Yazmayalı hayatımda çok değişiklik yok. Hala bol ögggglemeli, sefil uyumalı, tatsız tuzsuz günlerim devam ediyor. Geçen gün alt komşumuzun söylemiyle- ki 2,5 senedir ilk kez merhabalaştık- benim sabah akşam ögglemerime bütün apartman sakinleri şahit oluyormuş. Allah’ım ne utanç verici. Artık apartmanda kimseye görünmemek için ekstra çaba sarfetmem gerekecek. Yoksa kadın erkek çoluk çocuk o tuhaf acınası ve bir o kadarda iğrenç sesleri çıkaran beni parmakla gösterecek:))))))) rezalettttttt

Geçen akşam arkadaşımızın düğününe gitmek için hazırlanırken bir şok daha yaşadım. Hiç yemek yiyemezken nasıl oldu da kıyafetlerimin hiç birine giremedim anlayamadım. Şaşırdım:)En bol pantolonlarımı denedim yemedi anacığım. Geliyorlar ama kapanamıyorlar. Hal böyle olunca giydim bir elbise oda zar zor gittim. Ee şimdi ben dolap mı yenileyeceğim nasıl olacak diye düşünüp duruyorum. O kadar kıyafet ne olacak nereye gidecek bilmiyorum ki. Hayır daha şimdiden giremediysem bir daha hiç giremem diye korku kaplamadı içimi desem yalancı olurum:))

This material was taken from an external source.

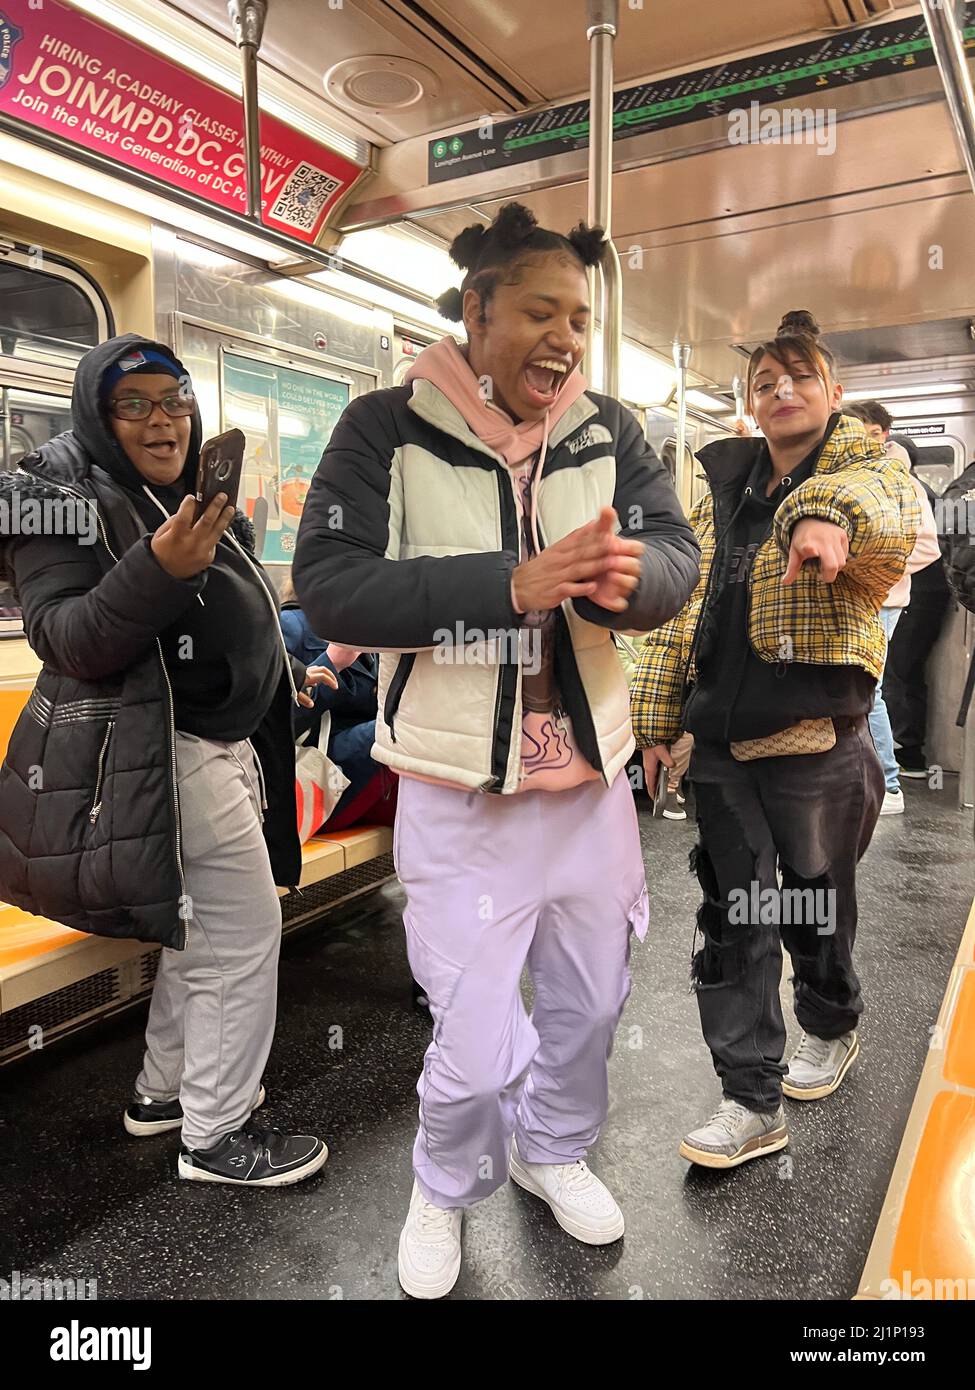 La giovane cantante e ballerina hip-hop si esibisce mentre i suoi amici la registrano mentre si guida un treno 6 lungo Lexington Avenue a Manhattan, New York City. Foto Stock

Bahçemle sulamak dışında ilgilenemez oldum. Ama onlar bana yardımcı oluyor. Petunyalar gürleşmiş. Her balkona çıktığımda mis gibi kokularını çekiyorum içime. Aldığım yeni sakızlı sardunyalar çiçeğe durmuş. Afrika menekşem bile çiçek açmış. Hatta dalından acaba tutar mı diye denediğim dal bile mini mini yavrular vermiş. Bu en sevindiğim olaydı. Ya o kadar ilginç ki birde. Fotoğraflayıp göstermem gerekenlerden biri bu. Yeni aldığım daha doğrusu hediye gelen bir çiçek var. Adını bende bilmiyorum. Sarmaşıkgillerden sanırım. Açık eflatun renkte çiçekler açıyor. Resmini koyduğumda aranızdan biri adını söyler belki. Edindiğimde üstünde bir iki çiçek vardı. Bu sabah batkımda hem tomurcuk dolmuş hem de çiçek. Yani bahçede şenlik devam ediyor. Ama ben bu sene bu şenliğin tadını çok çıkaramadım. Hatta size bile yaşatamadım. Bir başlasam devamı gelecek ama önce fotoğraf çekmem gerek. Eve gidince bir saat ayakta kalabilsem olacak ama nafile canlarım. Şimdilik sözlü idare edin beni. Resimli yazılara geçmem yakındır:)))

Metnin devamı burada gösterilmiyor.